SARA ISSAOUN – Einstein Fellow Host Institution: Smithsonian Astrophysical Observatory
Connecting Black Hole Shadows to Multi-Wavelength Accretion and Outflow Physics
Sara Issaoun
Sara Issaoun was born in Algeria and grew up in both Canada and the Netherlands. She graduated with a bachelor's degree in physics from McGill University in 2015 and a master's degree in astrophysics from Radboud University in 2017. She is currently completing her PhD degree in astrophysics at Radboud University under the supervision of Professor Heino Falcke.
Issaoun is an observational astronomer and a member of the Event Horizon Telescope (EHT) collaboration. Her research centers around the collection, calibration, and imaging of millimeter-wave radio observations of supermassive black holes. Supermassive black holes generate the highest energy processes in the known universe, ejecting jets of plasma affecting galaxy environments on large scales, but their dynamics and emission mechanisms remain shrouded in mystery. Issaoun makes use of global networks of radio-telescopes to image and study the immediate surroundings of the supermassive black holes at the centers of our galaxy and the galaxy M87.
As an Einstein Fellow, Issaoun aims to expand millimeter-wave radio-imaging capabilities and forge strong connections between the first images of supermassive black hole shadows and physics probed by partner facilities across the electromagnetic spectrum. Currently, tests of General Relativity via black-hole imaging with the EHT are limited by astrophysical uncertainties of the surrounding accretion flow. Astrophysicists can sharpen these tests using panchromatic studies of these complex environments. Multi-wavelength constraints on accretion-flow properties will critically inform the scientific interpretation of images of black-hole shadows, our understanding of jet-launching mechanisms, black-hole spin measurements, and, ultimately, precision tests of General Relativity.
Diana Powell grew up in Austin, Texas and received her undergraduate degree in astrophysics and physics from Harvard University. She moved to California for her graduate studies and will soon complete her PhD in astronomy and astrophysics at UC Santa Cruz where she works with Ruth Murray-Clay and Xi Zhang.

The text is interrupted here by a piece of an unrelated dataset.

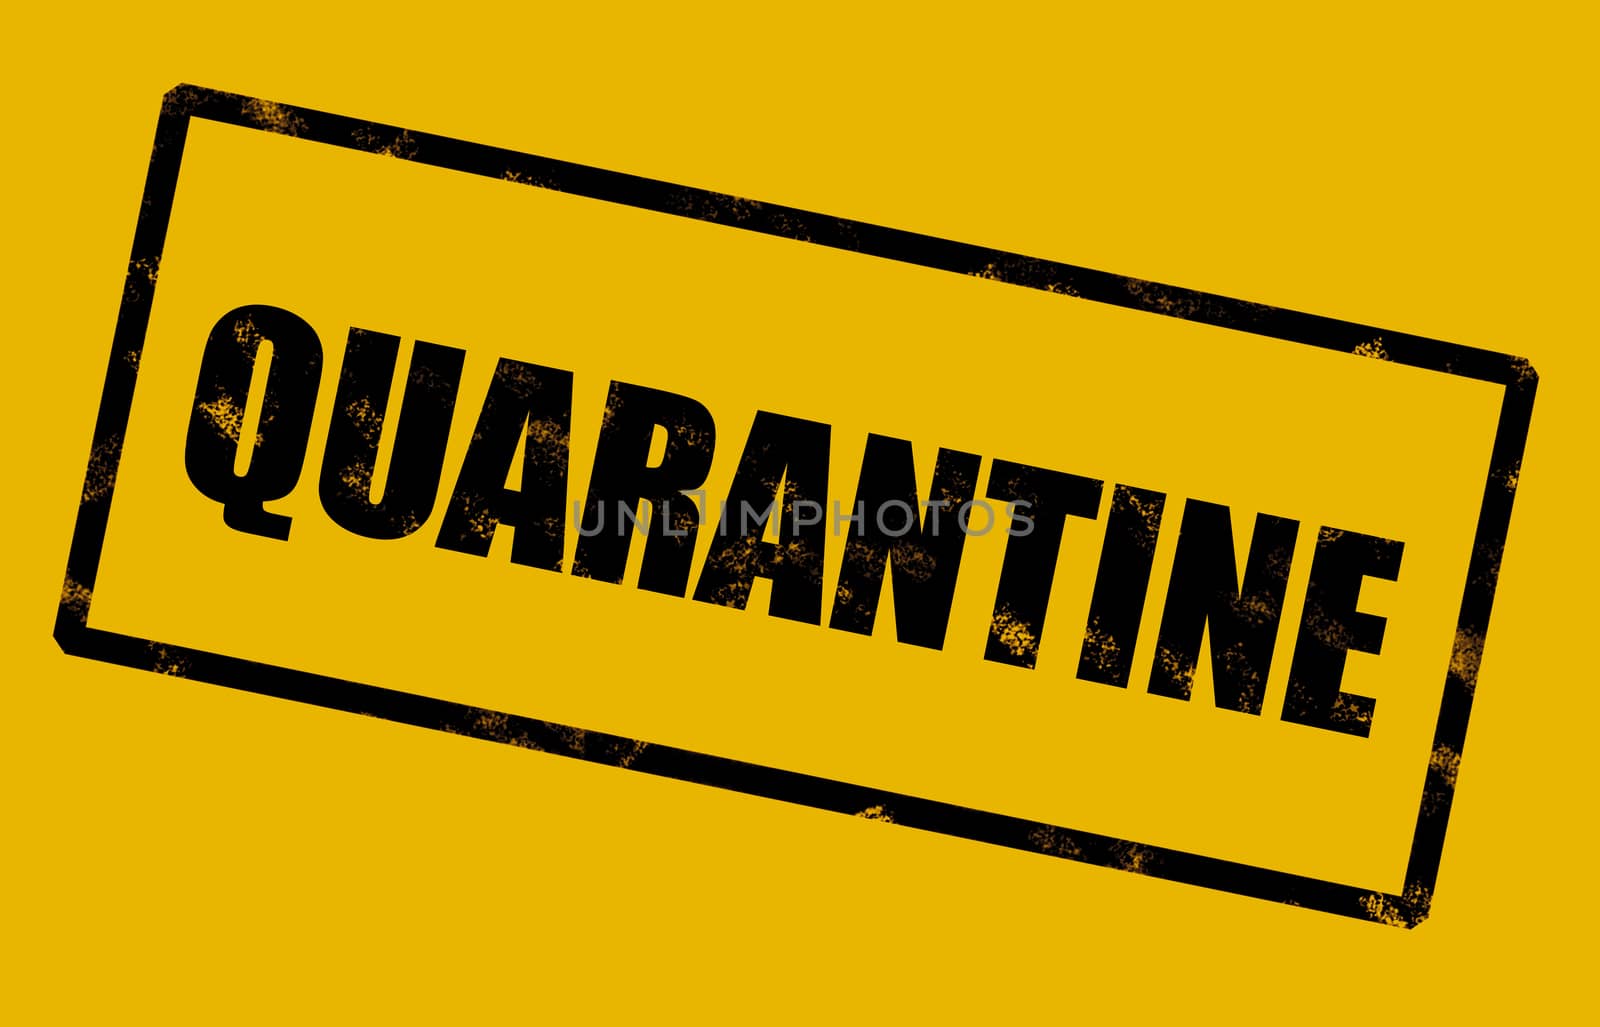 Quarantine warning sign text on yellow background for COVID-19 Coronavirus isolation caution sign by Maridav

Powell's research focuses on understanding planet formation and evolution through characterizing planetary atmospheres and the planet-forming material in protoplanetary disks. Powell uses the microphysical processes that govern the evolution of small particles (like dust, ice, and clouds) to understand these large-scale phenomena. As a Sagan Fellow, Powell will continue her studies of exoplanet atmospheres and protoplanetary disks. Moreover, she will work to bridge these two sub-fields together to place new constraints on planet formation and evolution.